A, Representative recordings of hERG1a, hERG1b and hERG1a/b channels expressed in HEK293 cells are shown. Currents were recorded using the protocol depicted in the inset. Only currents recorded during the ramp are shown. For comparison, currents were normalized to the maximum peak current during the ramp and plotted against the command voltage. The dotted lines indicate the potential where the currents peaked (‘peak potential’) and are also used to indicate the expressed channels. B, Summary data of the variation in ‘peak potential’. For comparison, the peak amplitude was normalized to an estimate of the number of channels (N) and plotted as a function of the ‘peak potential’.
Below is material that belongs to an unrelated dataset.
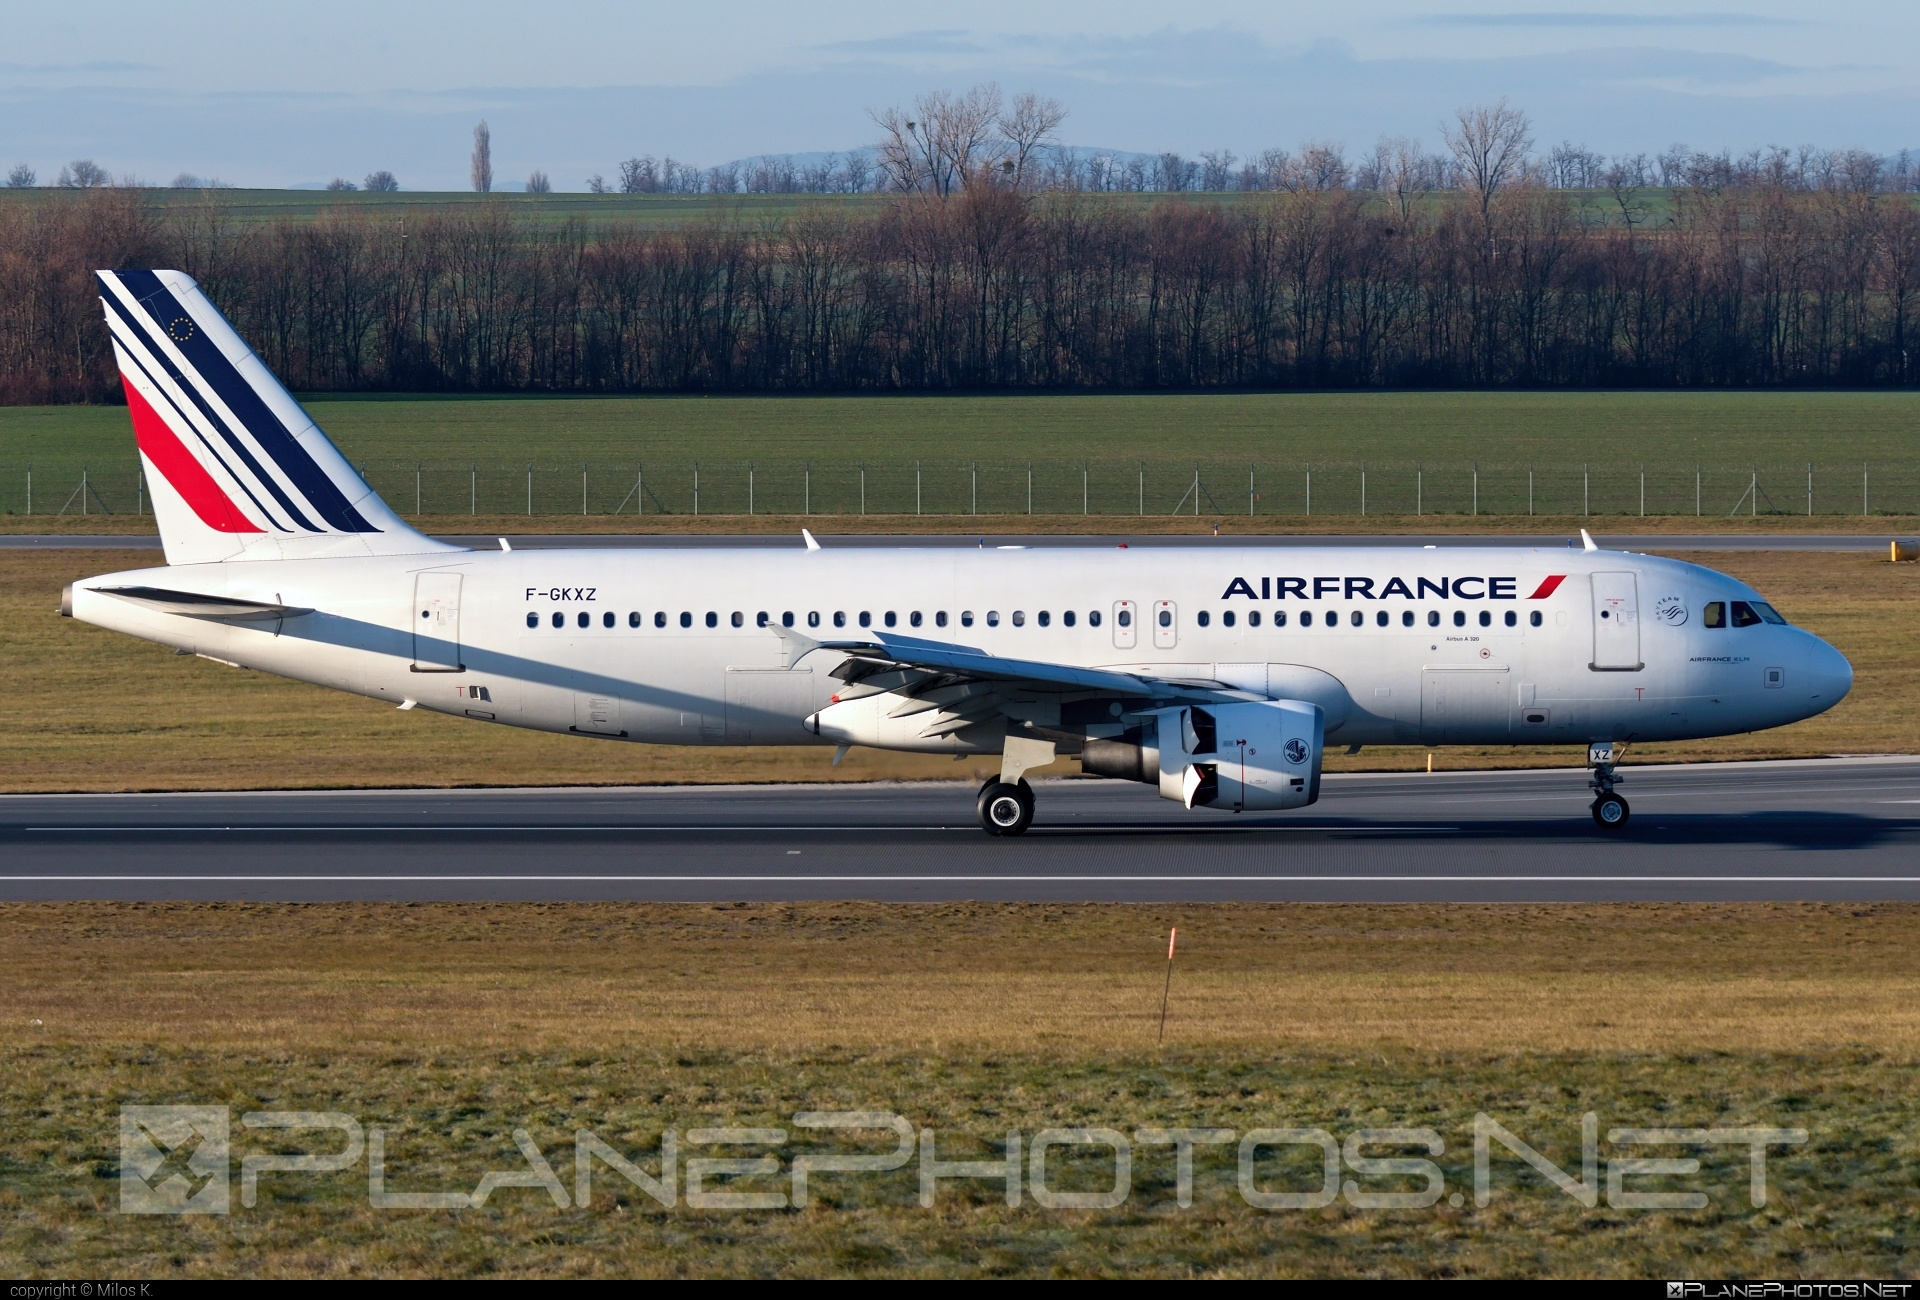 Airbus A320-214 - F-GKXZ operated by Air France #a320 #a320family #airbus #airbus320 #airfrance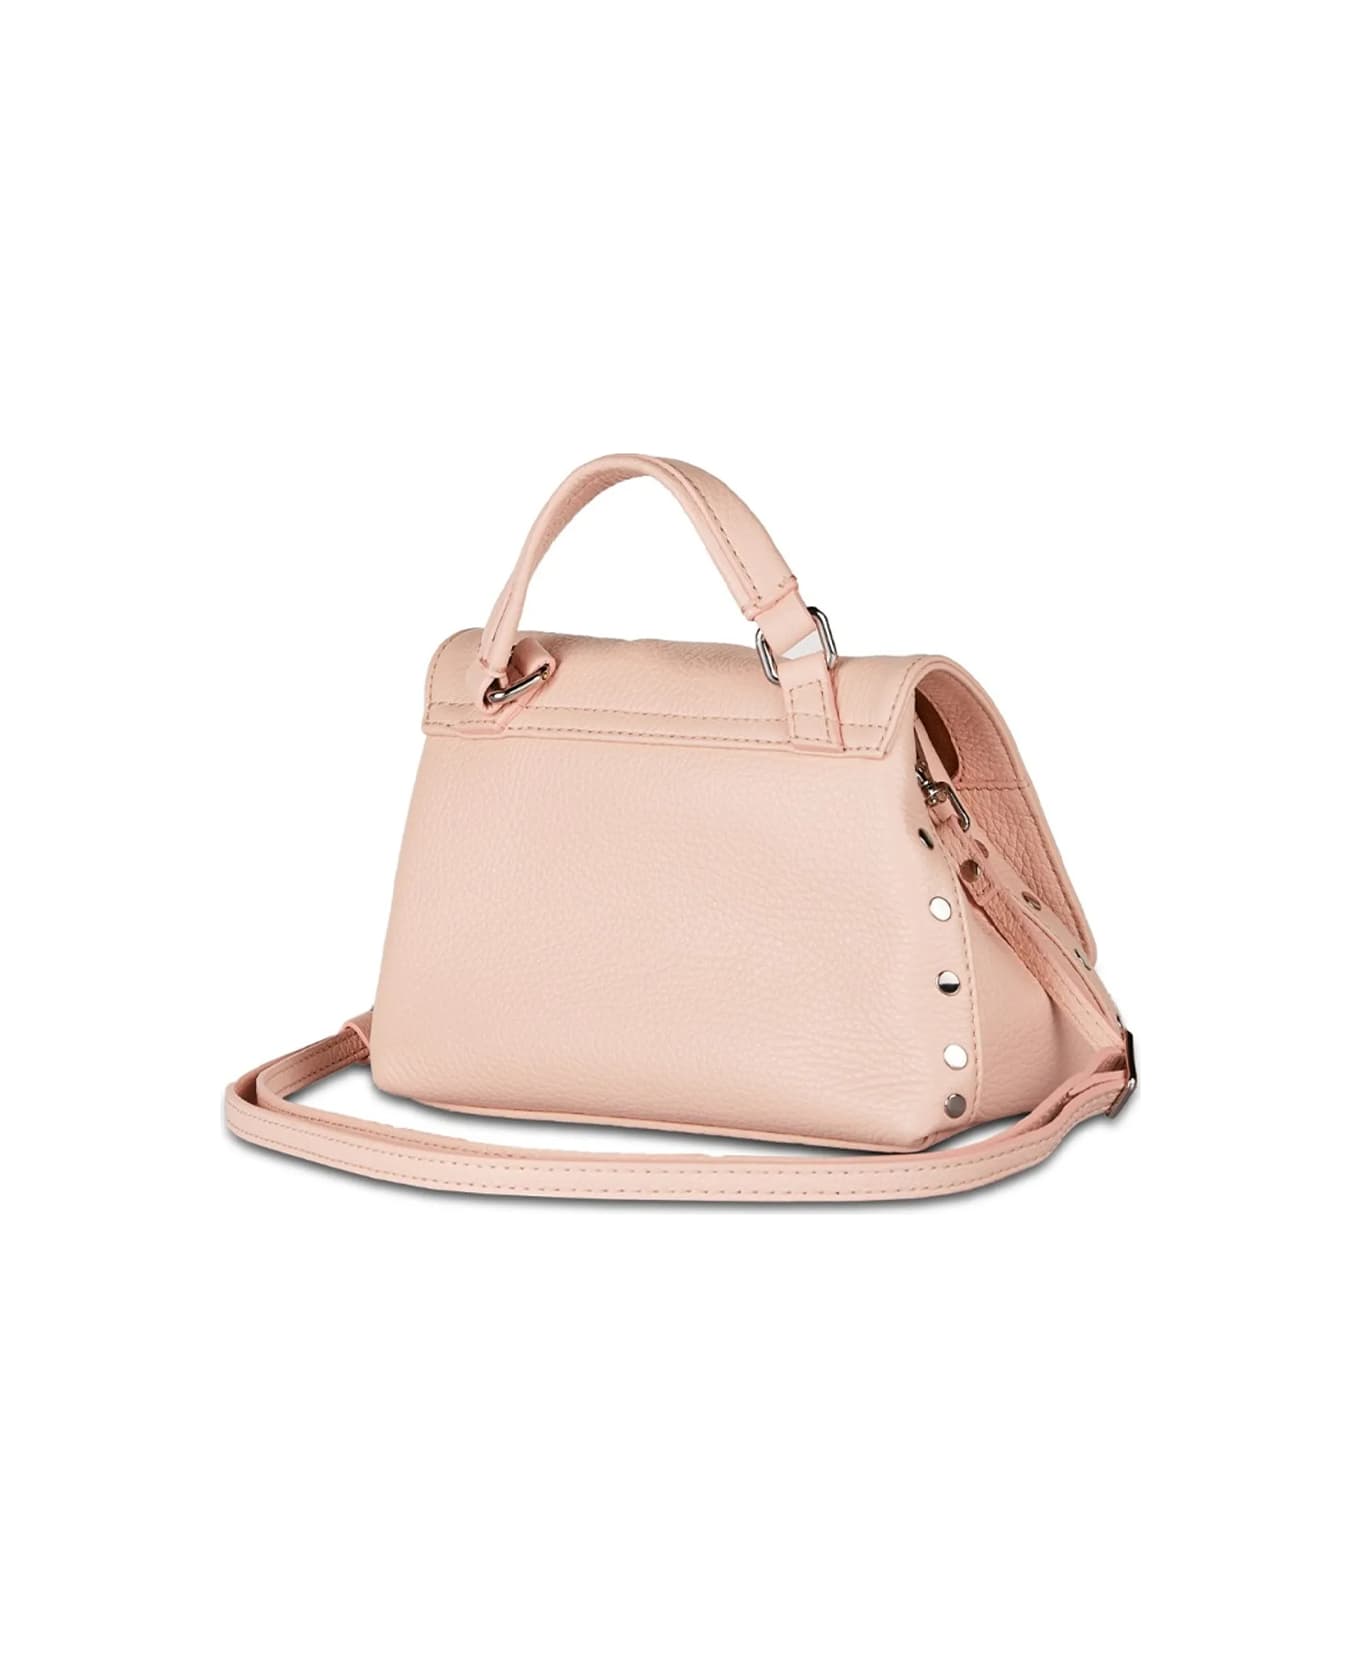 Zanellato Postina Daily Pink Leather Bag With Shoulder Strap - ROSA COCOON

https://doi.org/10.1371/journal.pone.0009021.g002

To verify the relationship between ‘peak potential’ and relative abundance of hERG1b we repeated the experiment in X. laevis oocytes. In the oocyte expression system, cRNA is injected directly into the oocytes and hence, the relative amounts of cRNA can be controlled very precisely. In figure 3A currents recorded from oocytes injected with different ratios of hERG1a and hERG1b (indicated as % of hERG1b abundance) are shown. The voltage protocol and normalization of data are identical to what is described above for figure 2A. The data show that as the relative abundance of hERG1b was increased, the ‘peak potential’ was gradually shifted towards more depolarized potentials, demonstrating that there was indeed a very good correlation between the ‘peak potential’ and the relative abundance of hERG1b. The results of the oocyte experiments are summarized in figure 3B. The ‘peak potentials’ were −42.6±1.1 mV (hERG1a; 0% hERG1b), −32.3±0.8 mV (20% hERG1b), −25.4±1.1 mV (40% hERG1b), −21.2±1.6 mV (60% hERG1b), −17.8±1.3 (80% hERG1b) and −13.8±0.6 mV (100% hERG1b) (P<0.05 for all comparisons except for 60% vs. 80% hERG1b and 80% vs. 100% hERG1b). When normalized to N there was no significant variation in the peak amplitude. The values were 1.17±0.03 (hERG1a; 0% hERG1b), 1.16±0.02 (20% hERG1b), 1.21±0.03 (40% hERG1b), 1.27±0.05 (60% hERG1b), 1.29±0.04 (80% hERG1b) and 1.27±0.03 (100% hERG1b).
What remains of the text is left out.